A top source of stress for the par­ents, she says, is food. “Par­ents to­day care a lot about nu­tri­tion. They want their kids to be a lit­tle bit chubby and they try to talk to the teach­ers to make sure the child fin­ishes all the food in their bowl. Young par­ents are afraid if a kid loses weight it means they are sick, but some­times it’s nor­mal.”

“We do nu­tri­tion work­shops with some of the older kids,” she goes on, “so the kids can ob­serve and make a sim­ple snack.”

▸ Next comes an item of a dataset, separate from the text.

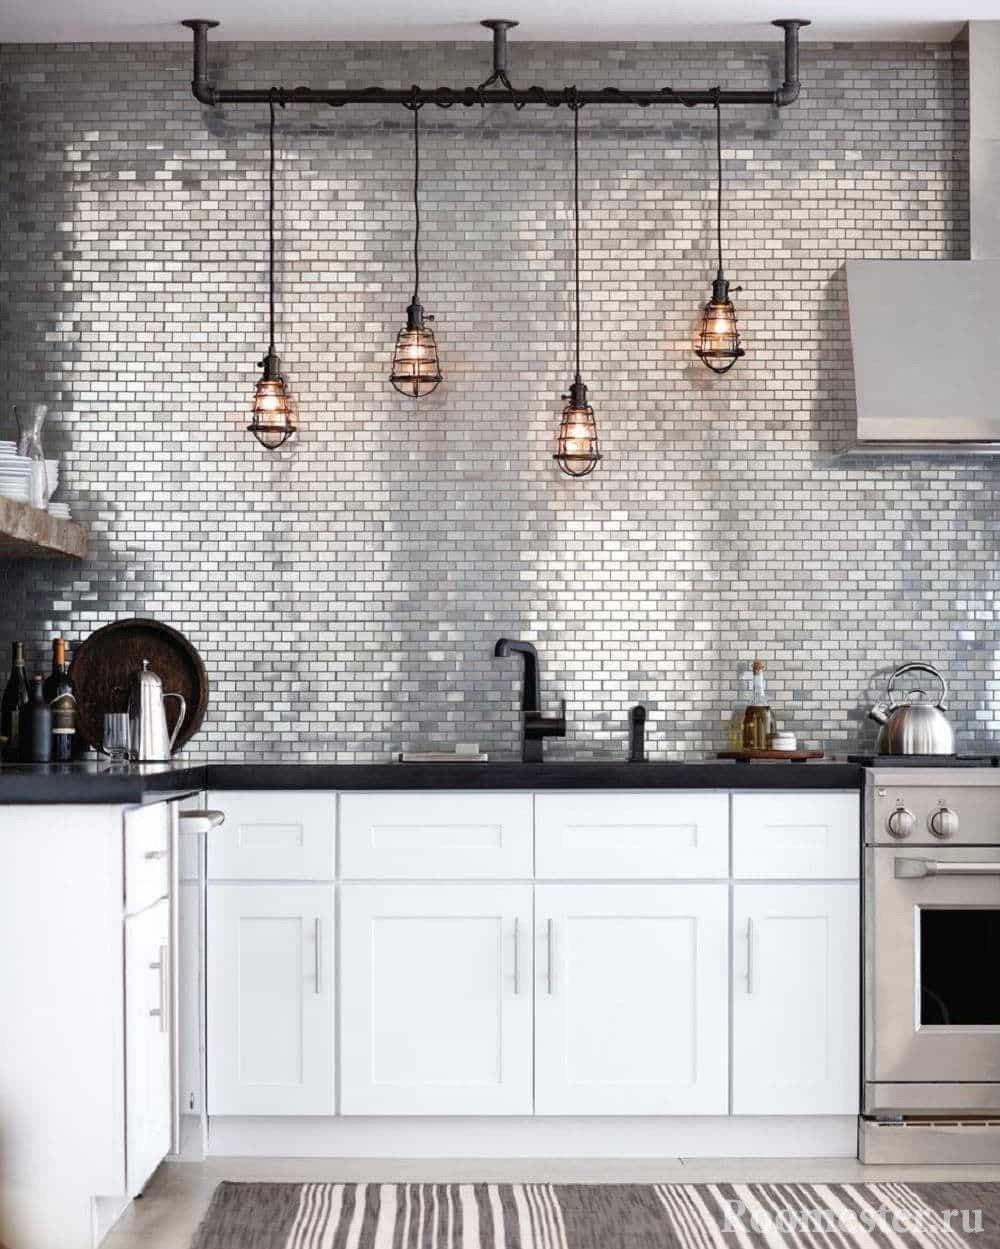 Кухня в стиле гранж с фартуком серебряного цвета и ретро светильниками над рабочей зоной

Asked what ar­eas she feels are of future sig­nif­i­cance in the ed­u­ca­tion sys­tem, Anh shifts gears a bit, opin­ing, “Spe­cial needs kids are an im­por­tant is­sue to fo­cus on. Autism is a cri­sis ev­ery­where in the world. An­other or­ga­ni­za­tion that I help with is called Project Viet­nam. They send doc­tors from the US to Viet­nam yearly to train teach­ers and pro­fes­sion­als on how to best work with spe­cial needs chil­dren, which is a very new field in Viet­nam. The chil­dren all have needs. We need to know how to ob­serve them in or­der to iden­tify what those are and we need to be able to tell the par­ent if their child has spe­cial needs.”

Lis­ten­ing to her speak of all the projects and causes that she de­votes her time to, it’s clear that while Anh is un­der­tak­ing an os­ten­si­bly Sisyphean task, she is un­fazed in her de­sire to make a dif­fer­ence, per­haps a prod­uct of her in­her­ent op­ti­mism. “I’m a be­liever. I hope that our young teach­ers share our ideals. If they ded­i­cate enough time, they know what’s best for the child. You learn this through your heart, not through money. I be­lieve the peo­ple who open pri­vate schools here, the ma­jor­ity of them are be­liev­ers in ed­u­ca­tion.”

The op­ti­mism is read­ily ap­par­ent as we walk through the school. It’s vis­i­ble on the smil­ing faces of the chil­dren and in the in­ti­mately-sized class­rooms. “We try to pro­vide a fam­ily style at­mos­phere. We keep the class­room small. The max­i­mum is 24 chil­dren with two teach­ers,” says Anh.

What stands out the most, though, in a school serv­ing such a young age group, is the ab­sence of chaos. There is an or­derly sys­tem in place and the teach­ers have ev­i­dently bought into it.

“I love to see our school grow­ing and I hope our phi­los­o­phy can ex­ist in Viet­nam be­cause I’m very keen on this,” Anh says pas­sion­ately. “I hope our teach­ers can learn and pass it on to the next gen­er­a­tion.”